Task statement: Any pictures in the records below must be left out when you repeat the lines from the line containing "薬を飲む債務便利Racazing Cap 輝く棒球帽" through the line containing "17bd30046 Buy Karen" exactly.

Entries shown:

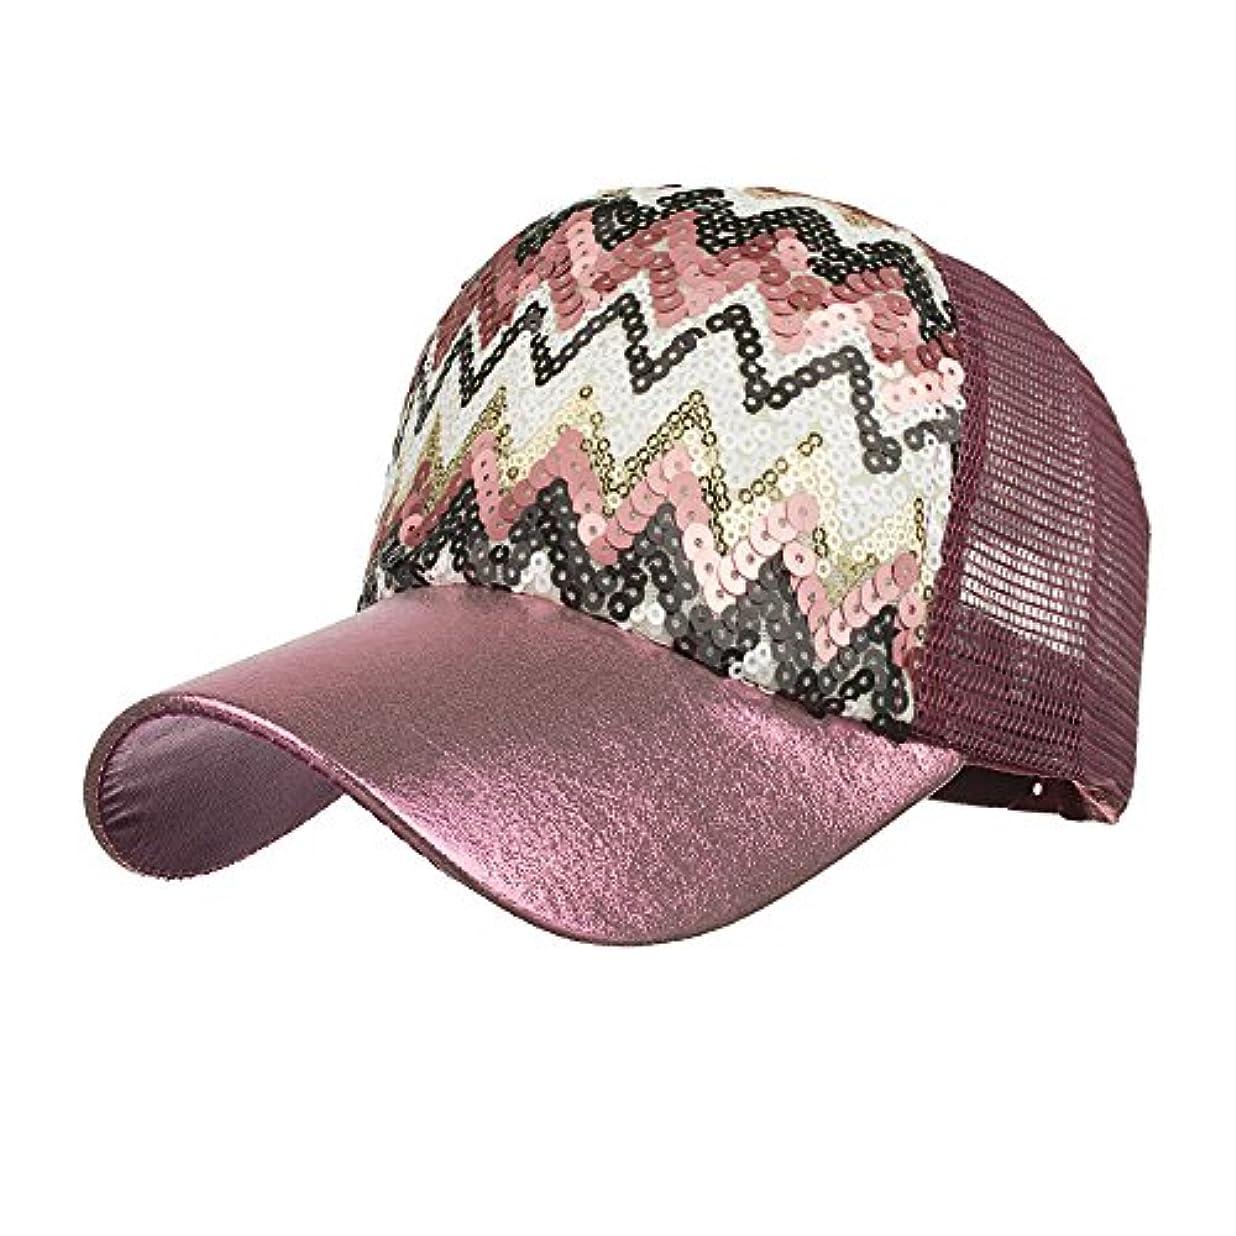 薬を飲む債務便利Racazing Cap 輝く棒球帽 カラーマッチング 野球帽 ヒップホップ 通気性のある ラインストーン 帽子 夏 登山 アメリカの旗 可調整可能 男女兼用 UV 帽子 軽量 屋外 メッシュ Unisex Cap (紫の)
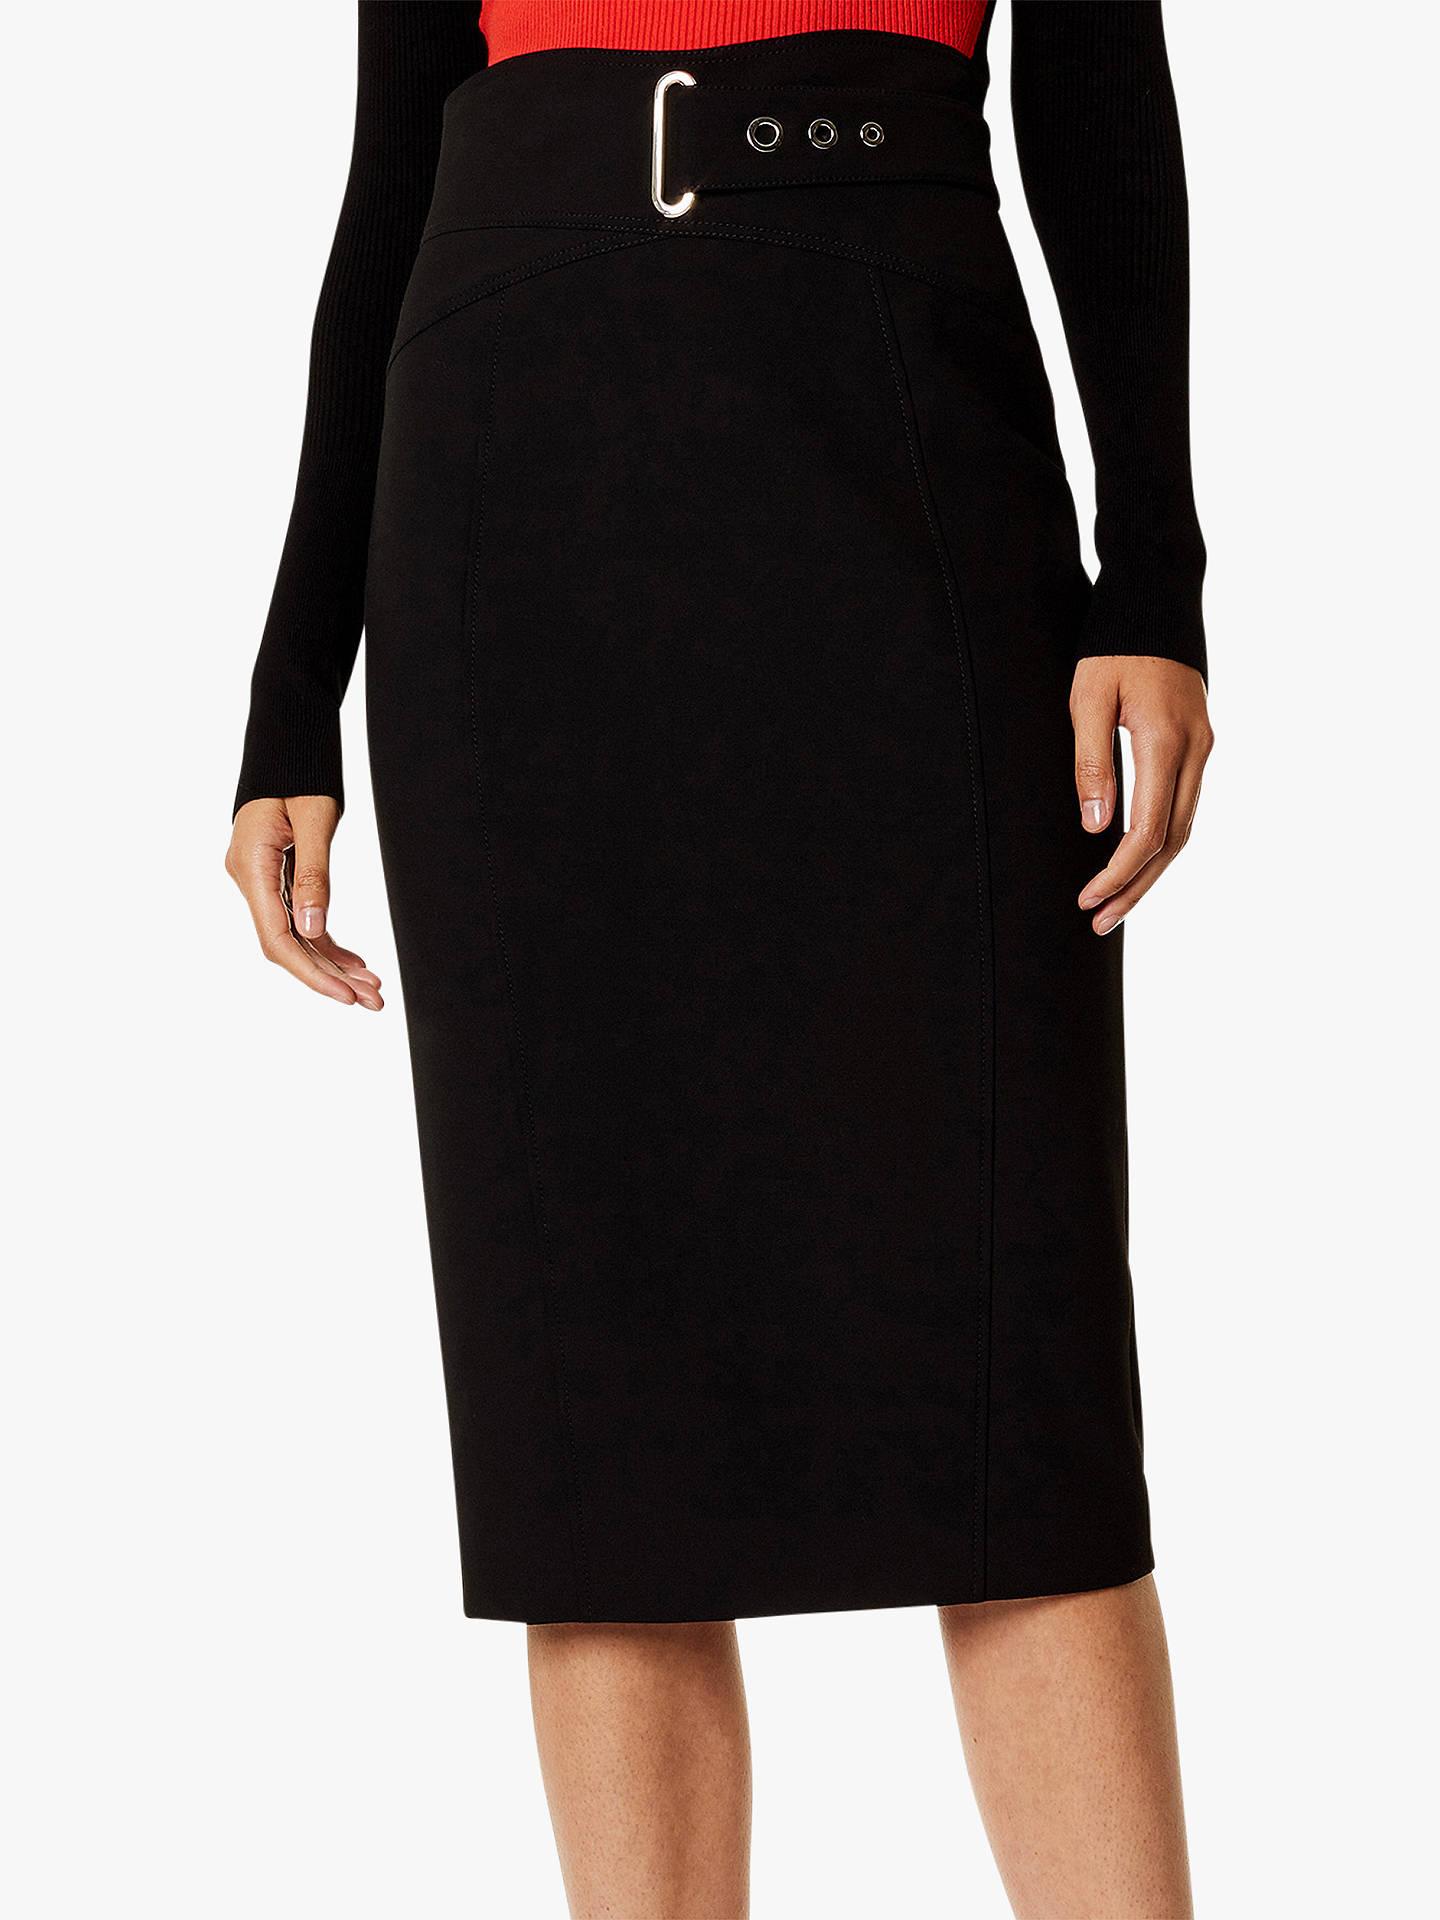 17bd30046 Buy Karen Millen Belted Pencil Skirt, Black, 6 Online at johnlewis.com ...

* * *

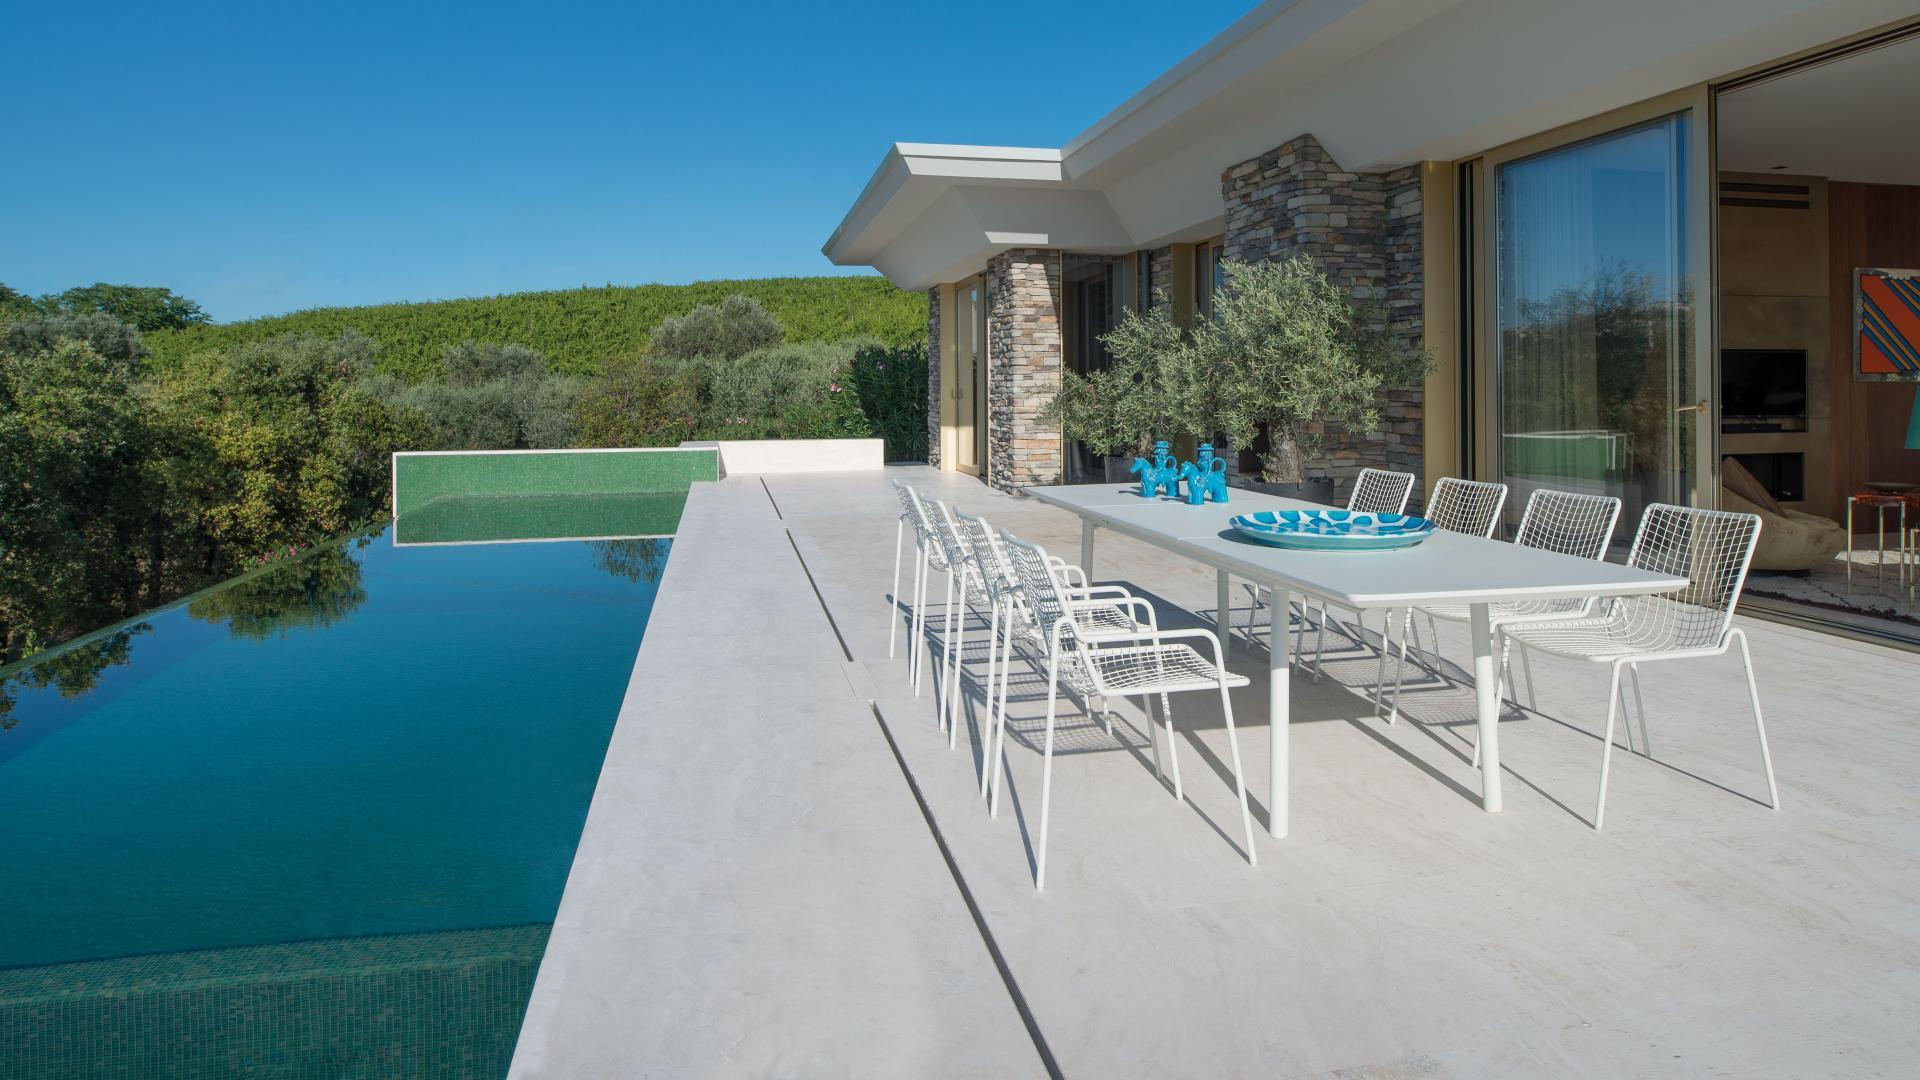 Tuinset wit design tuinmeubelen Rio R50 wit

==

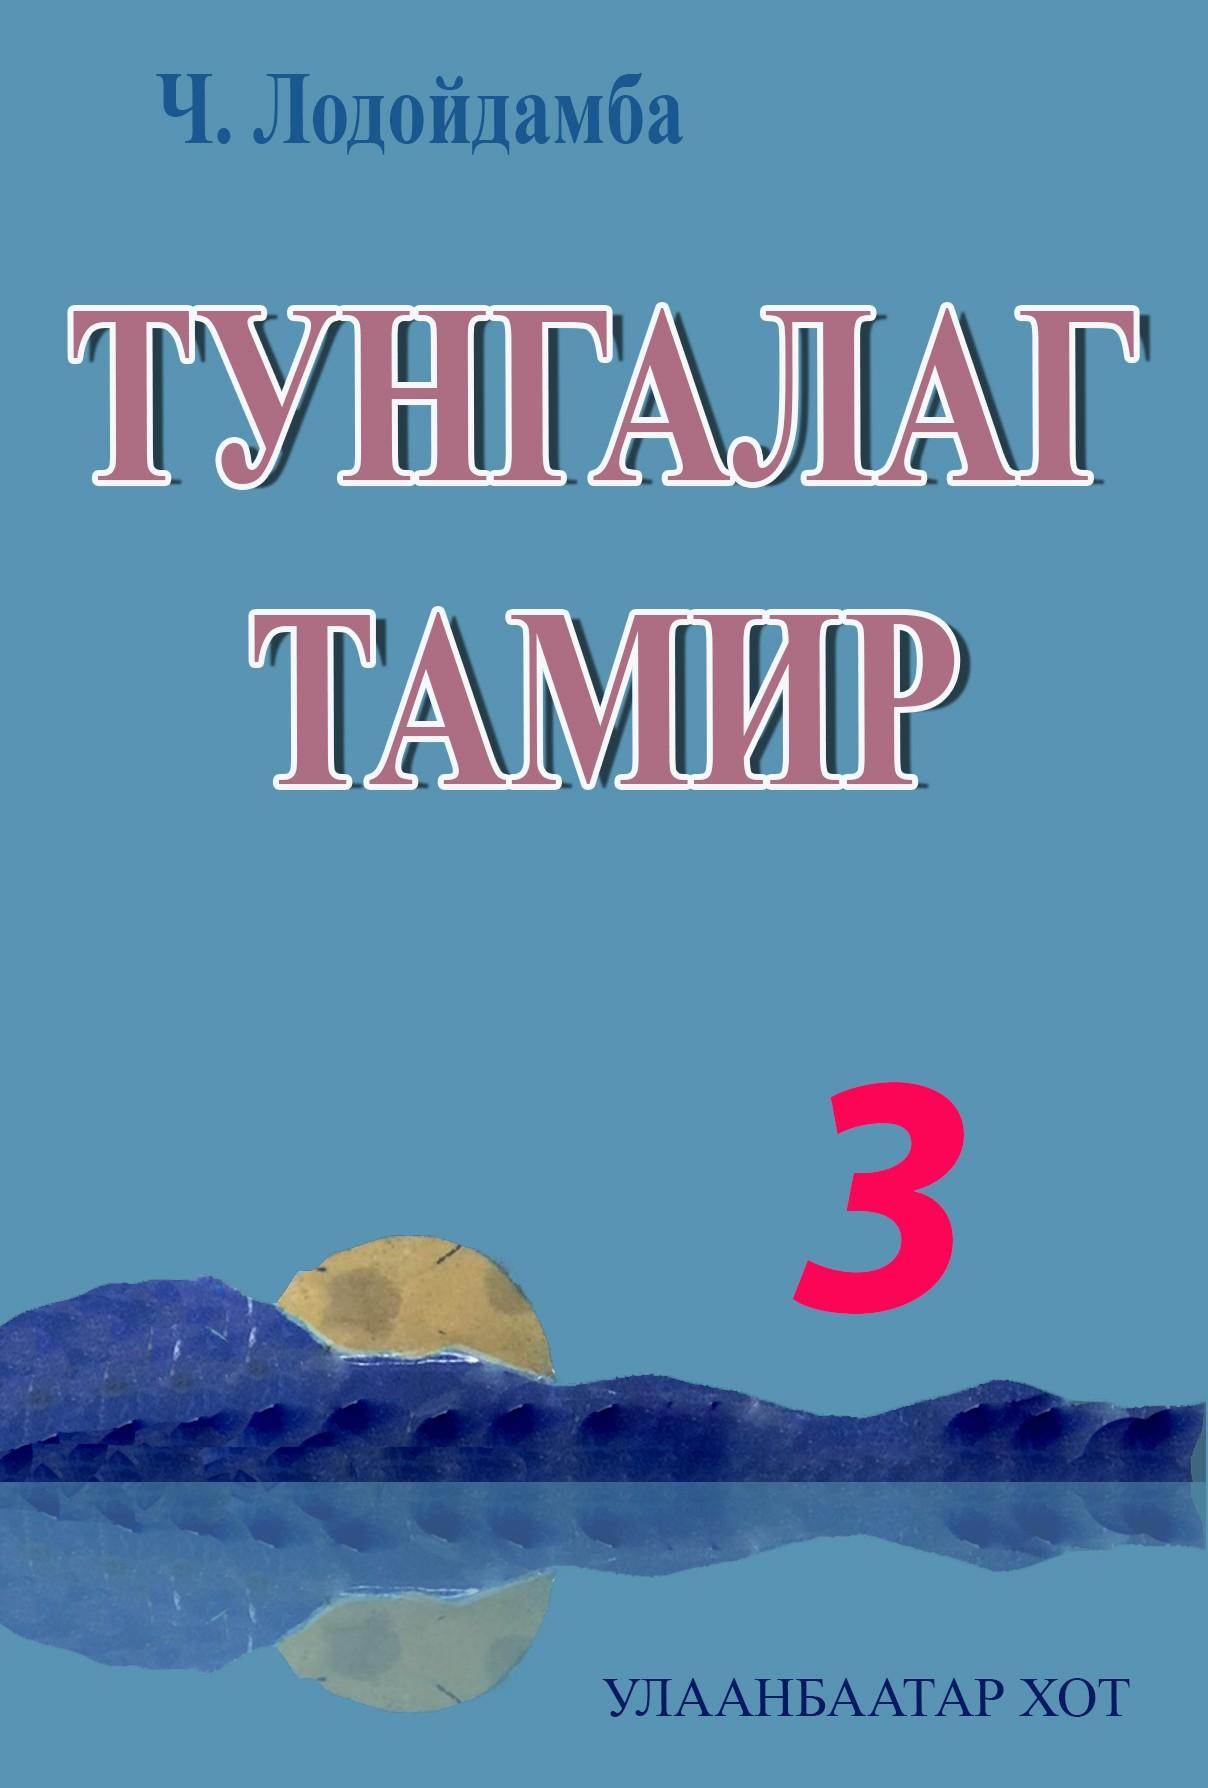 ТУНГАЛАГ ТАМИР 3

Answer section:
 薬を飲む債務便利Racazing Cap 輝く棒球帽 カラーマッチング 野球帽 ヒップホップ 通気性のある ラインストーン 帽子 夏 登山 アメリカの旗 可調整可能 男女兼用 UV 帽子 軽量 屋外 メッシュ Unisex Cap (紫の)
 17bd30046 Buy Karen Millen Belted Pencil Skirt, Black, 6 Online at johnlewis.com ...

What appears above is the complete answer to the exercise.